Material provided section start
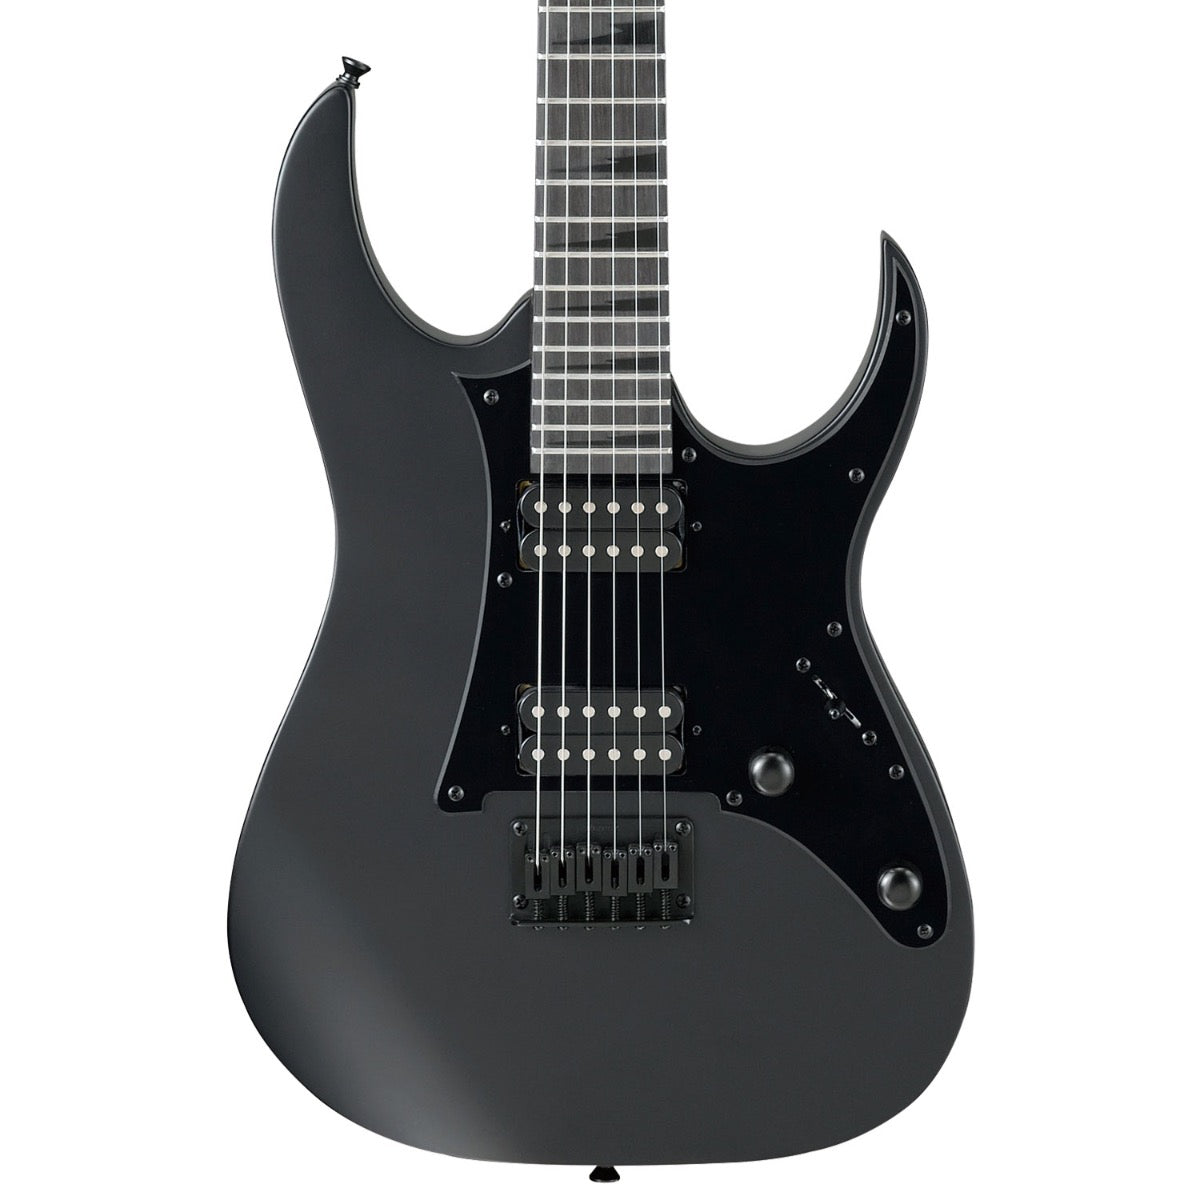 Close-up top view of Ibanez GRGR131EX GIO Electric Guitar - Black Flat showing body and portion of fingerboard
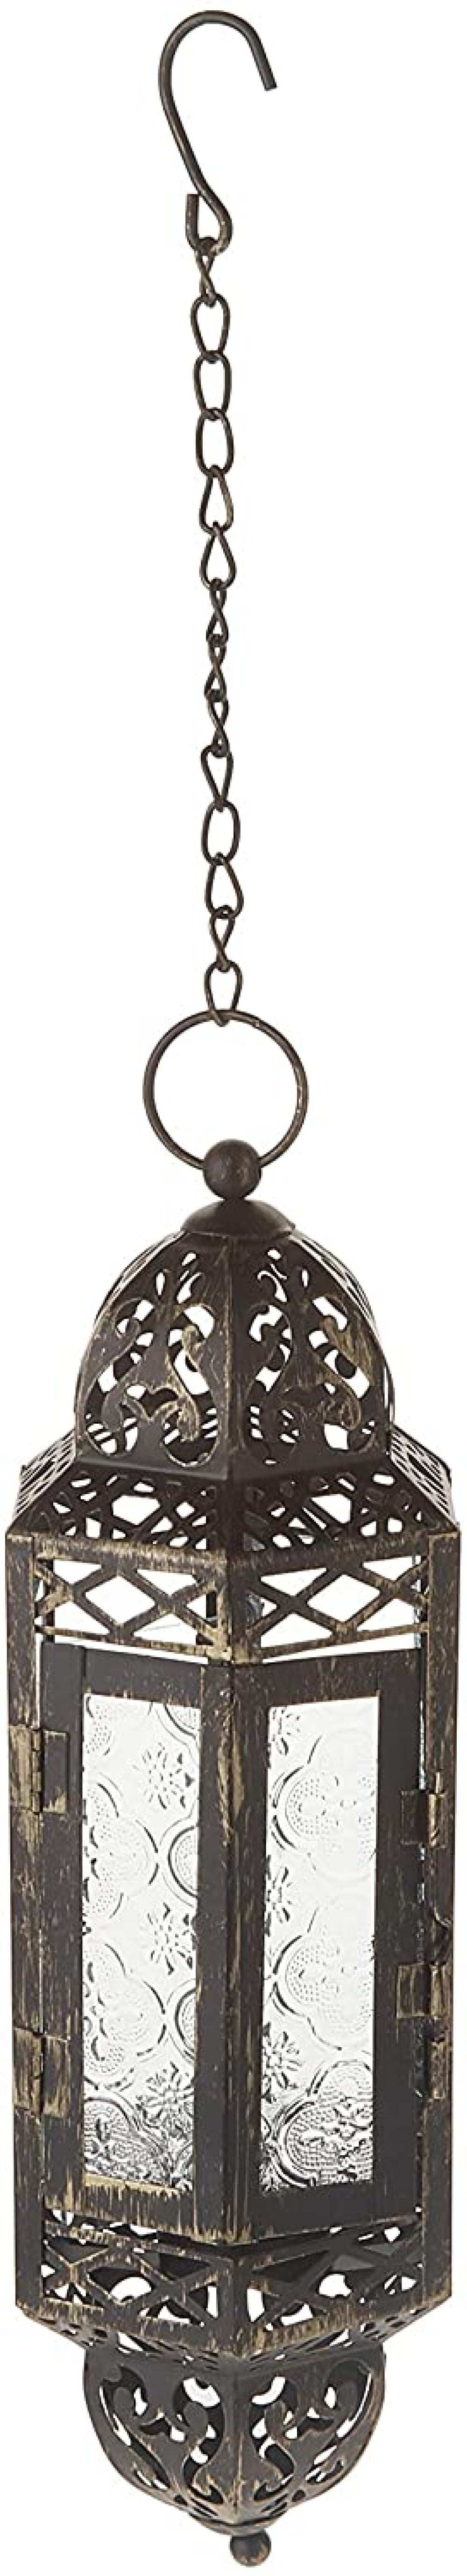 Lantern Metal & Glass Round Handle in Antique Gold Finish with Filigree Accents 
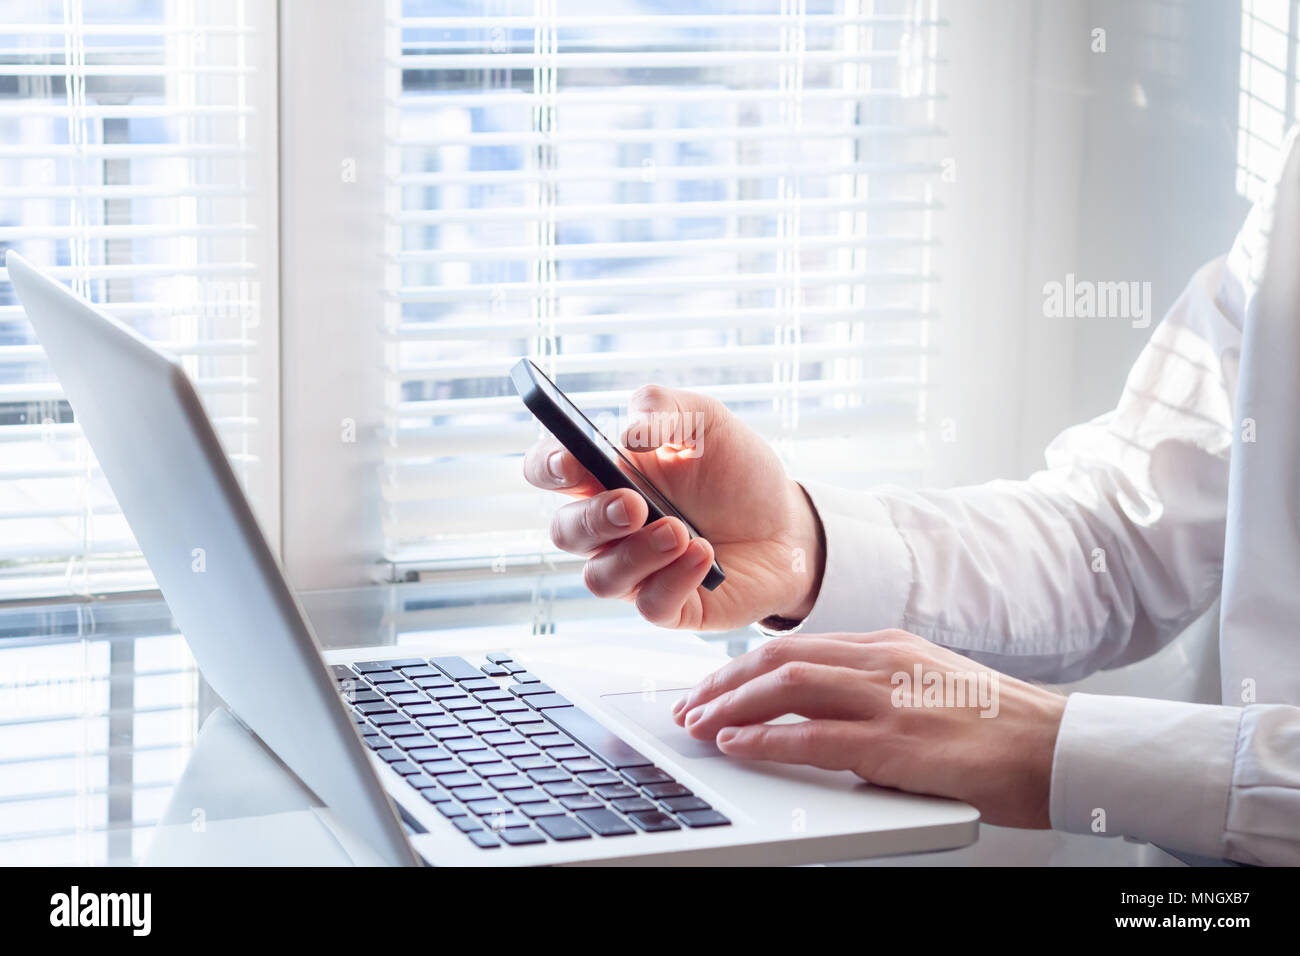 Businessman working with laptop computer and smartphone in bright office, financial accountant, corporate business investment consultant Stock Photo
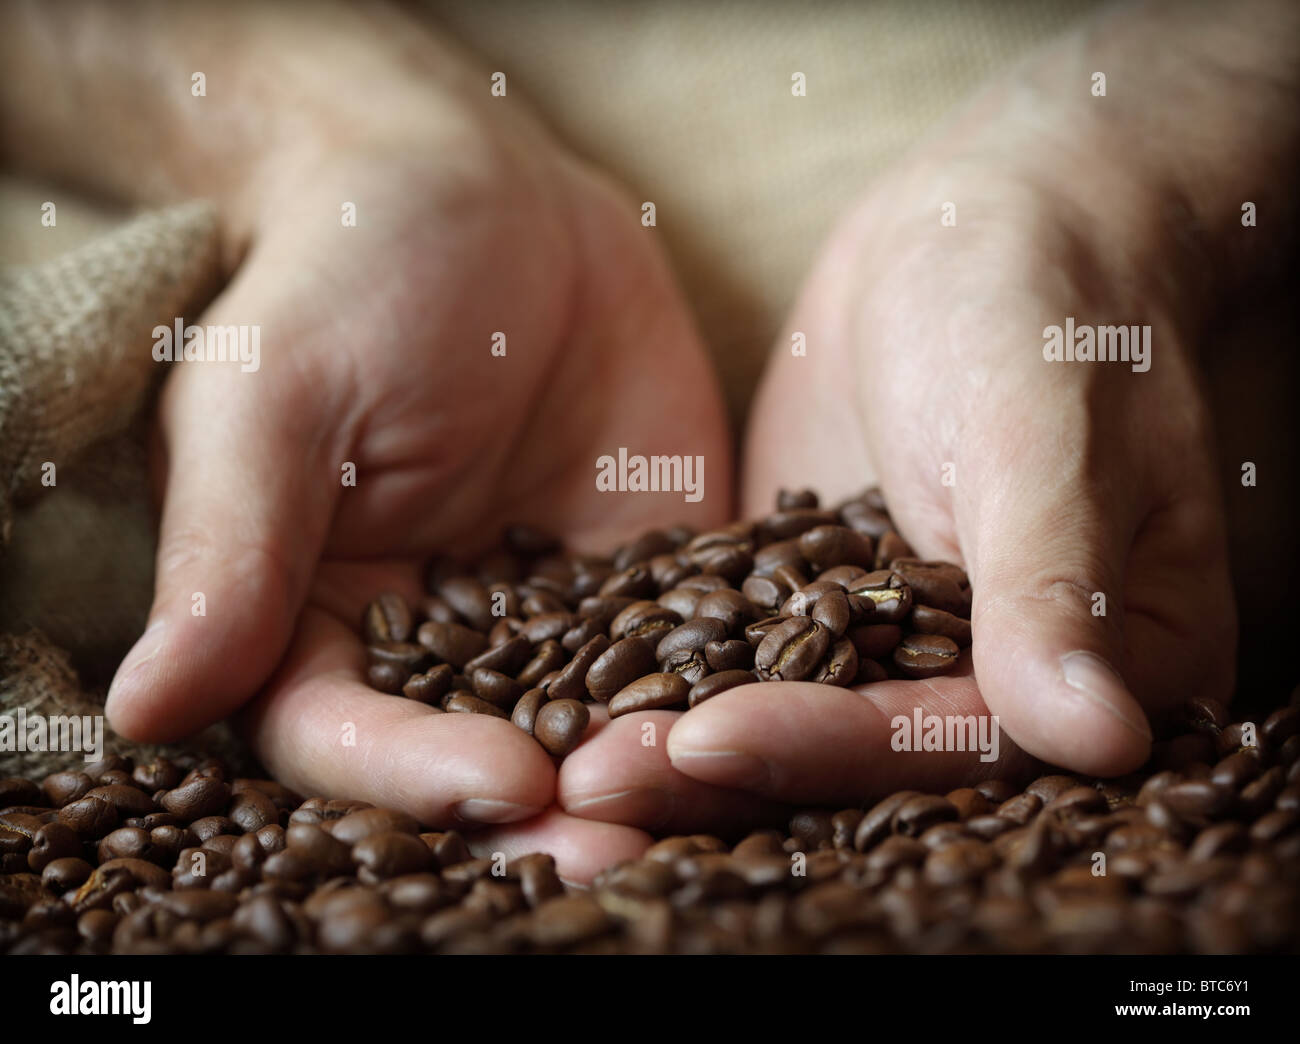 Hand holding coffee beans Stock Photo
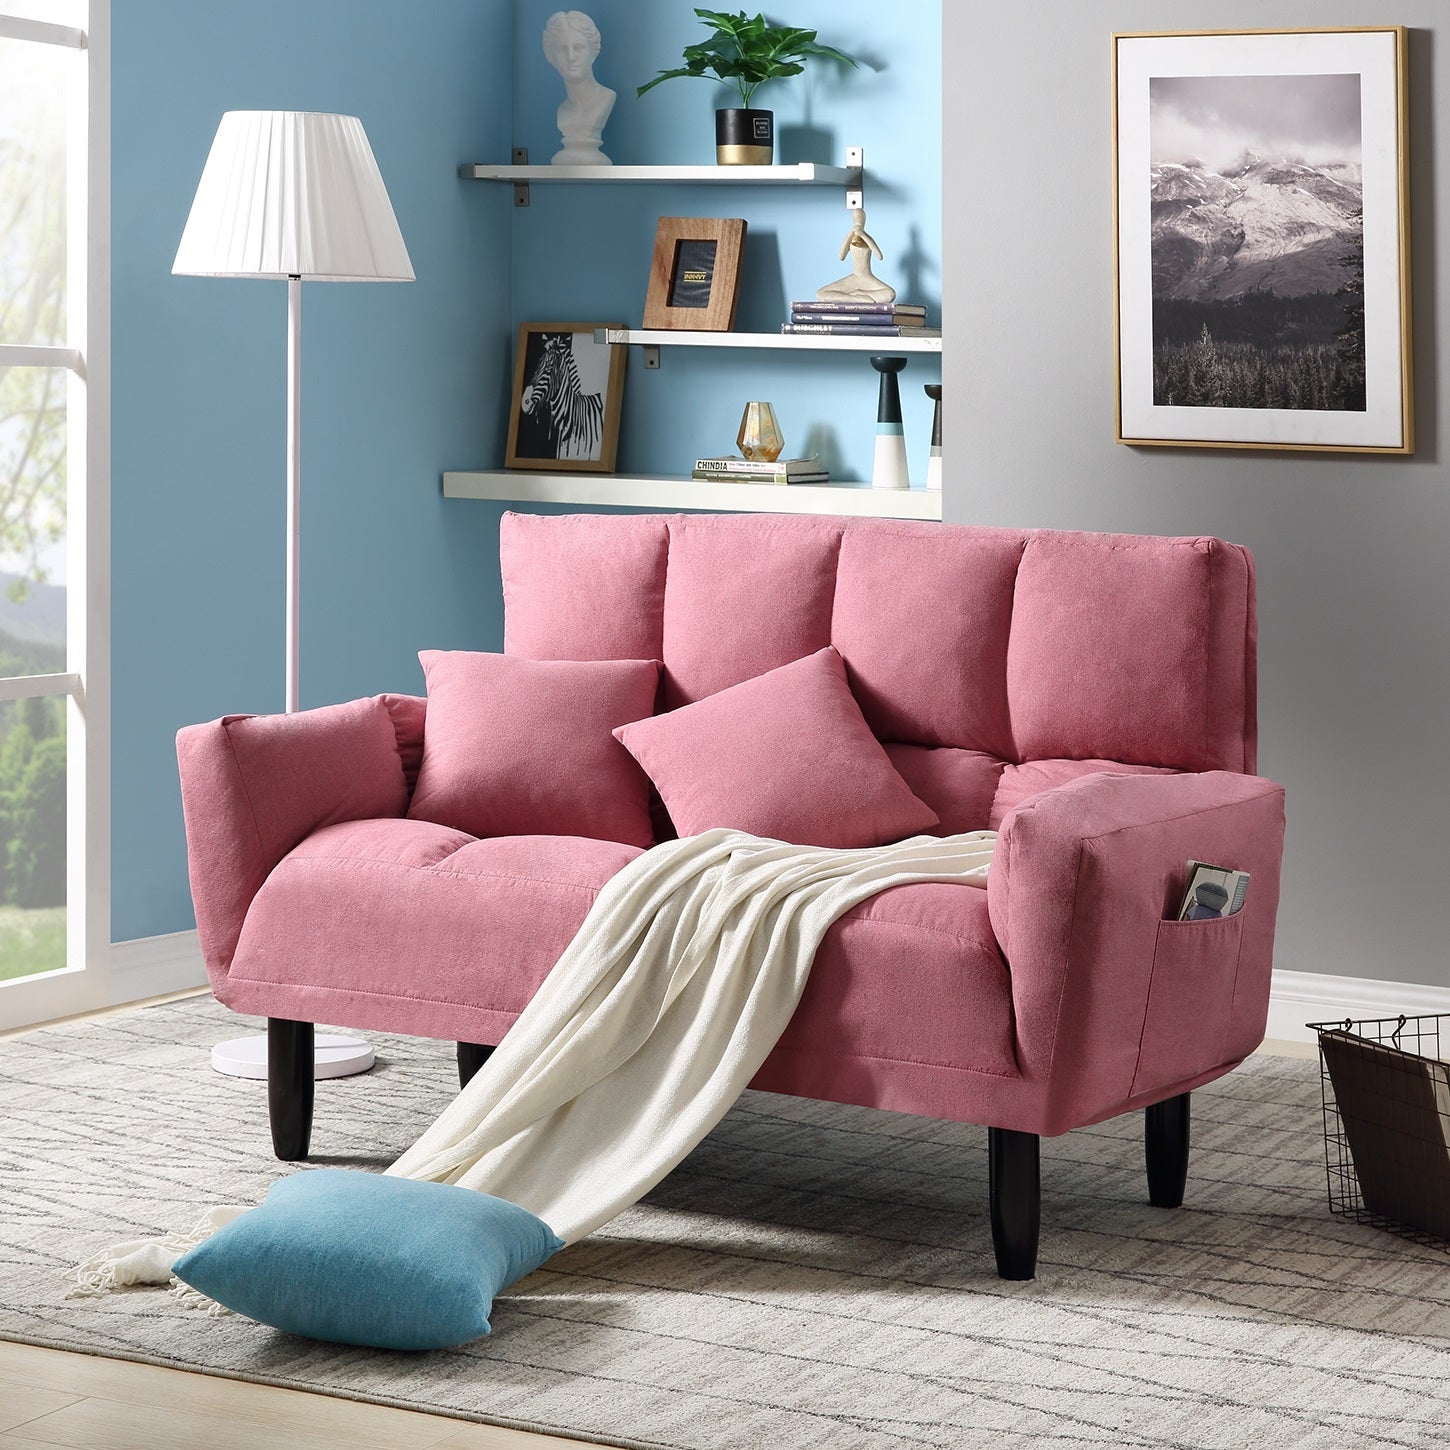 Modern Round Arm Tufted Sleeper Sofa with Solid Wood Legs
Material provided section end
- Exercise details -
Set down all records verbatim, omitting images.

- Response to the exercise -
 Close-up top view of Ibanez GRGR131EX GIO Electric Guitar - Black Flat showing body and portion of fingerboard
 Lantern Metal & Glass Round Handle in Antique Gold Finish with Filigree Accents 
 Businessman working with laptop computer and smartphone in bright office, financial accountant, corporate business investment consultant Stock Photo
 Hand holding coffee beans Stock Photo
 Modern Round Arm Tufted Sleeper Sofa with Solid Wood Legs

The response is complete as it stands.